Dataset excerpt -

--------

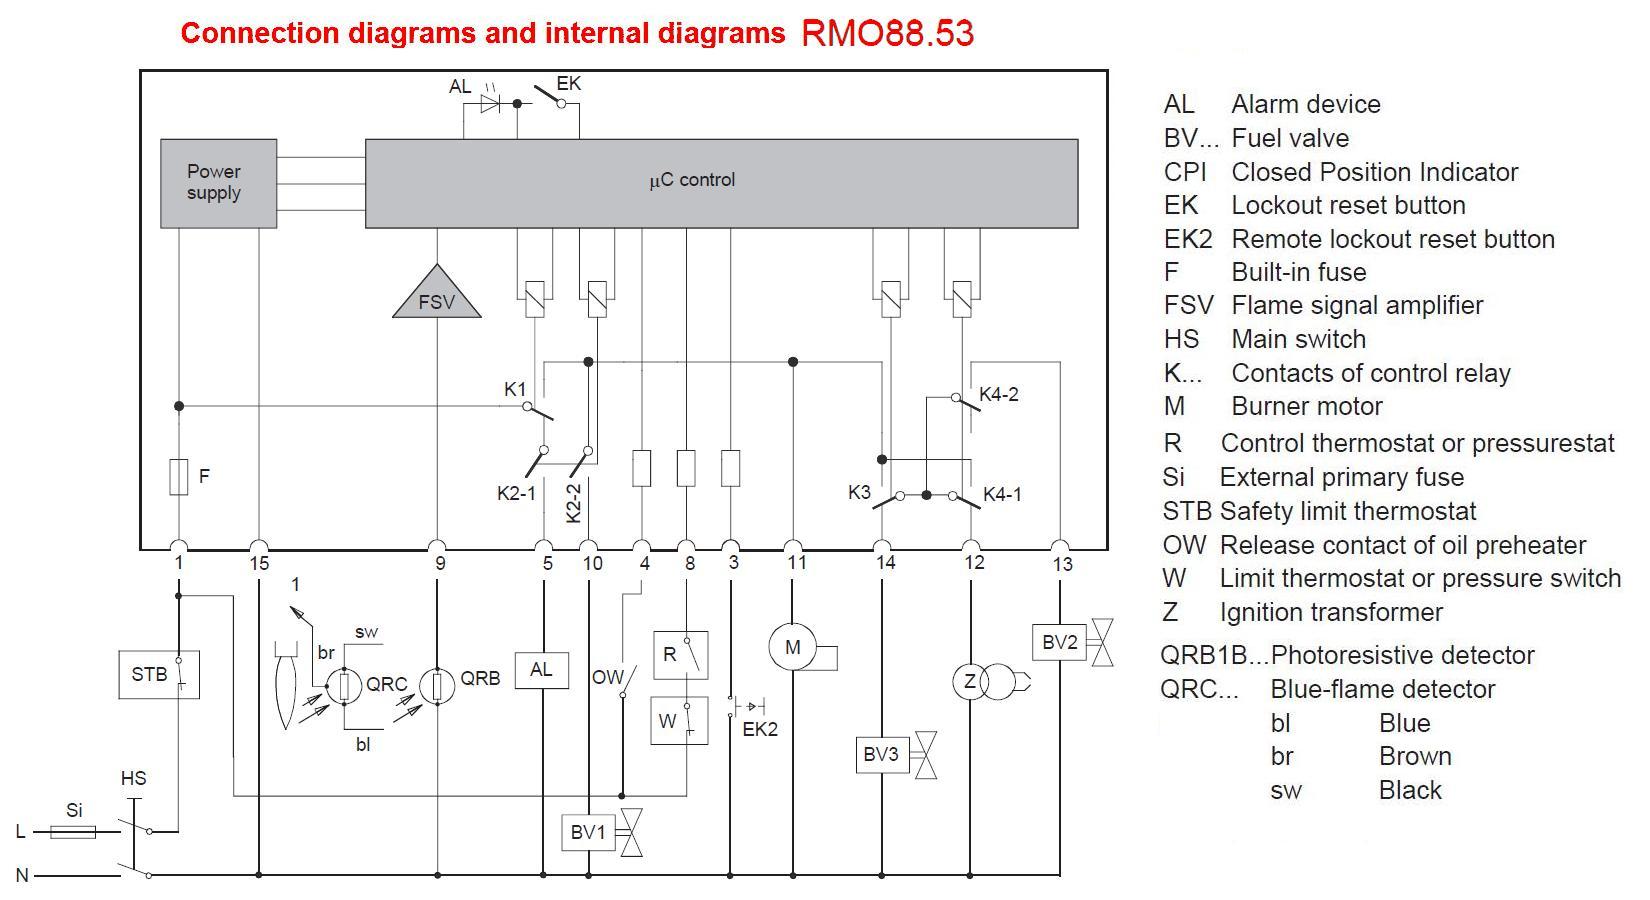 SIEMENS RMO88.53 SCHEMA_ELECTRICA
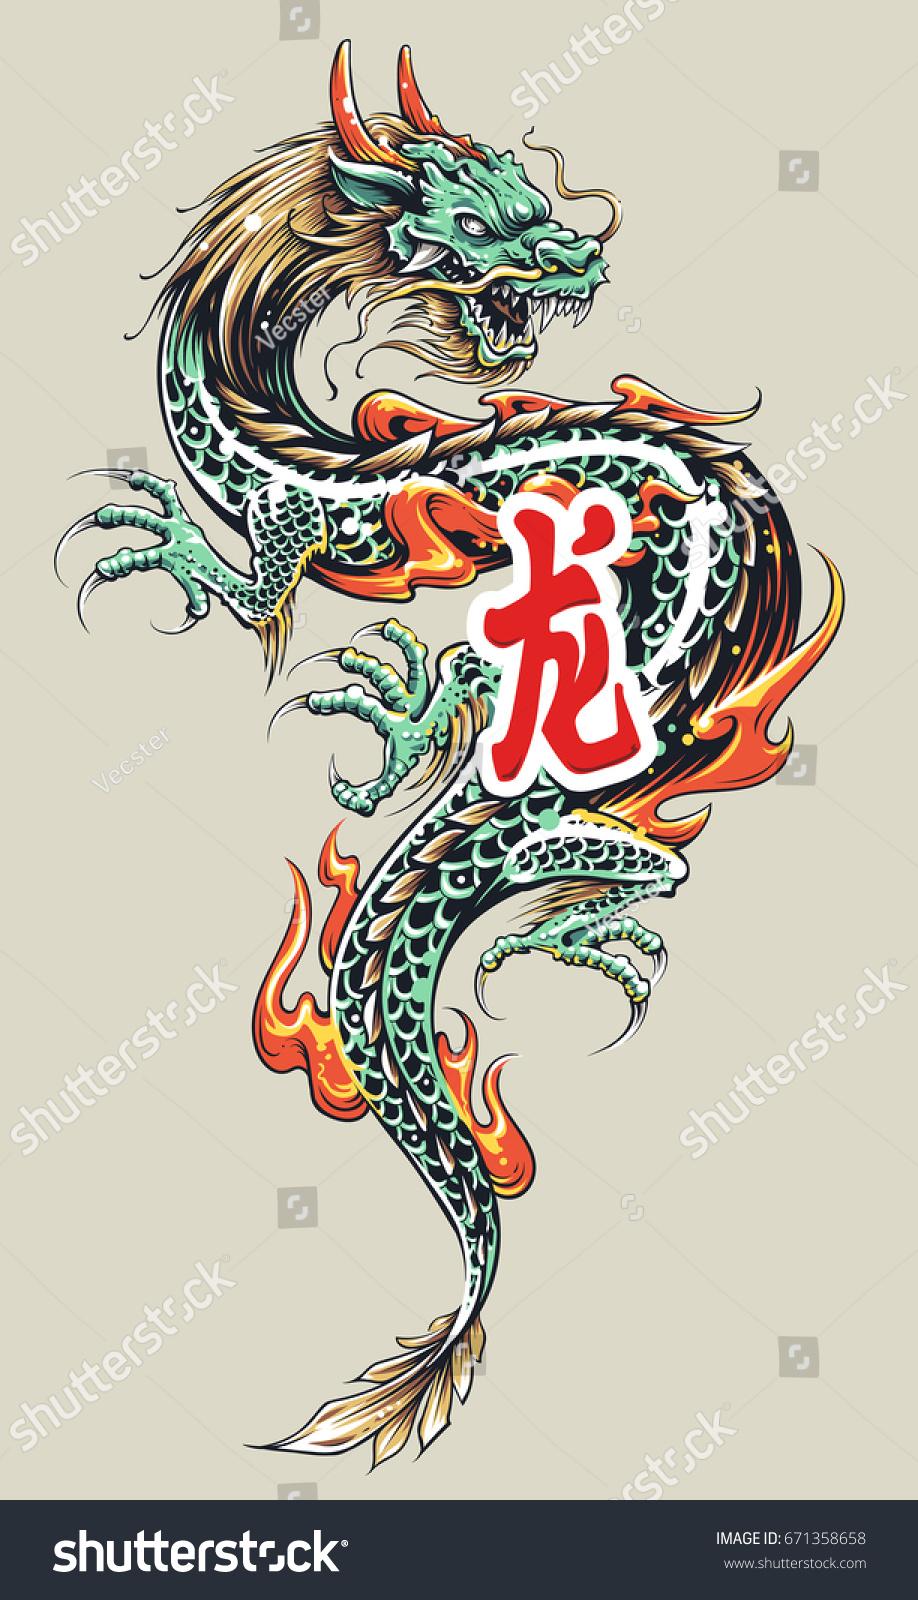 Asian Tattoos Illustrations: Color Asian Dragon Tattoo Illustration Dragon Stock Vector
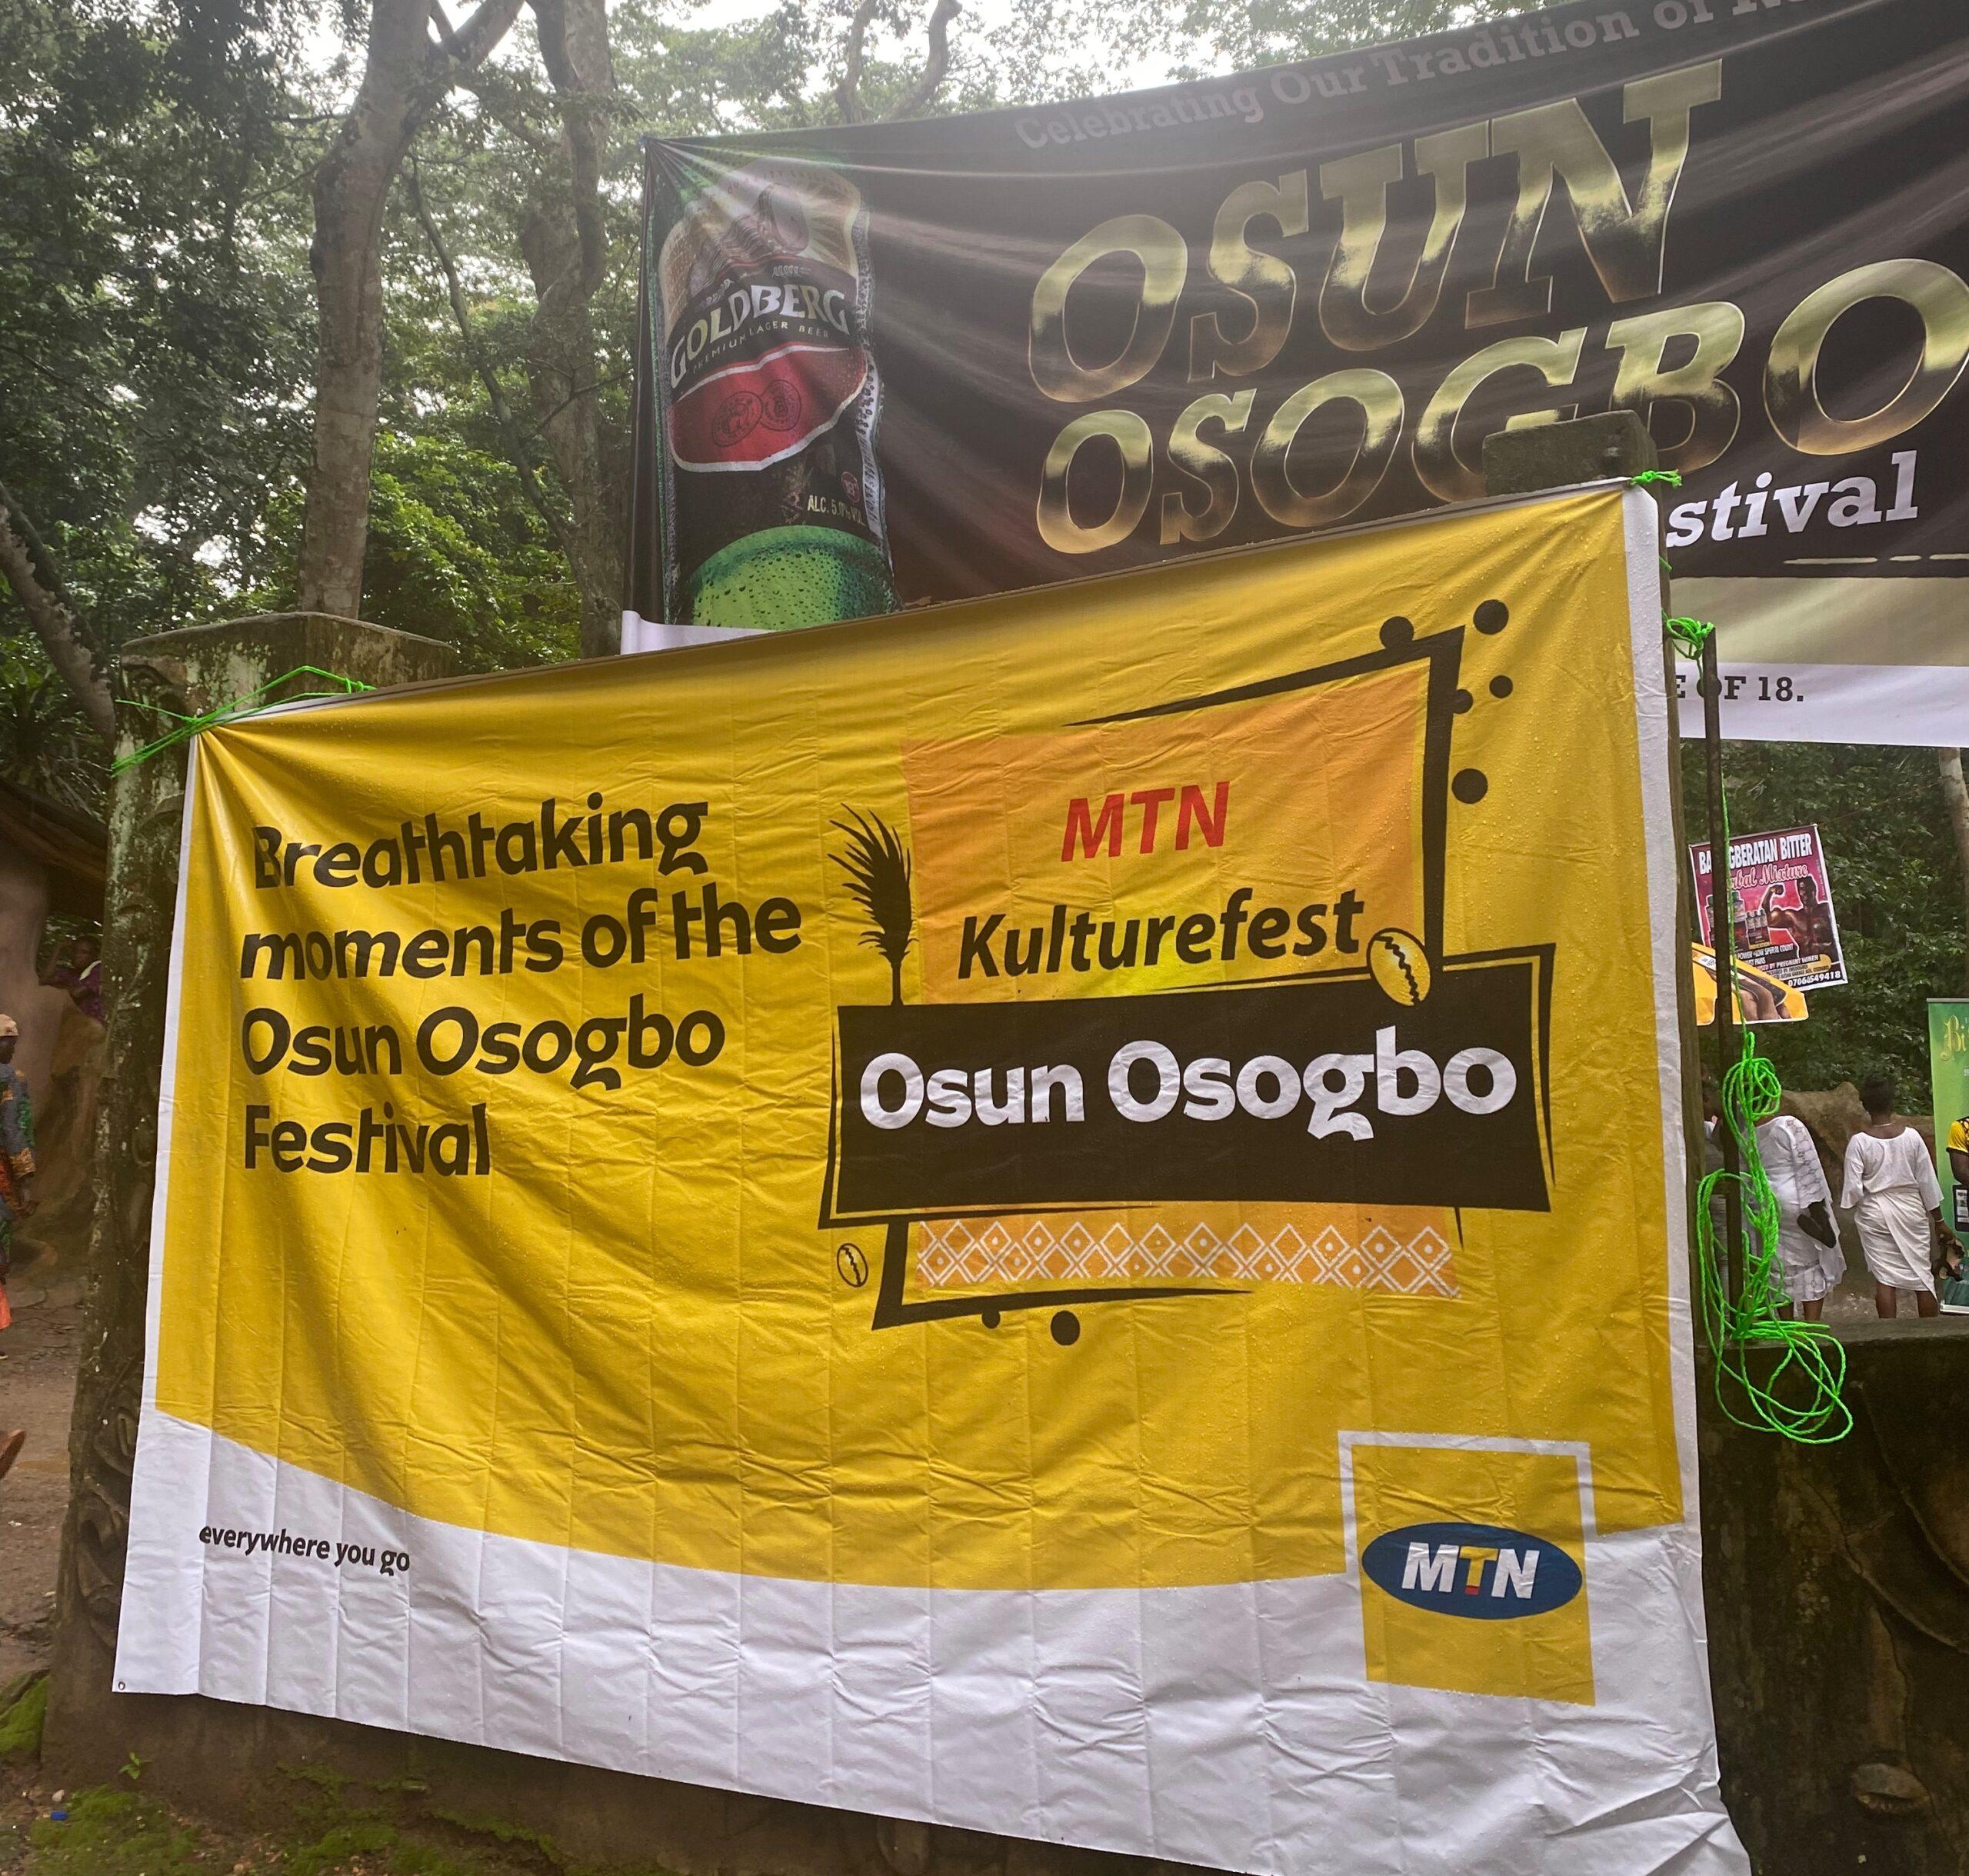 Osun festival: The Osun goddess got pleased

--------

What is required - Please print the line that contains "Asian Tattoos Illustrations: Color" along with every later line of the material, exactly, through the last one. Leave pictures out of the copy.

Response to this exercise -
 Asian Tattoos Illustrations: Color Asian Dragon Tattoo Illustration Dragon Stock Vector
 Osun festival: The Osun goddess got pleased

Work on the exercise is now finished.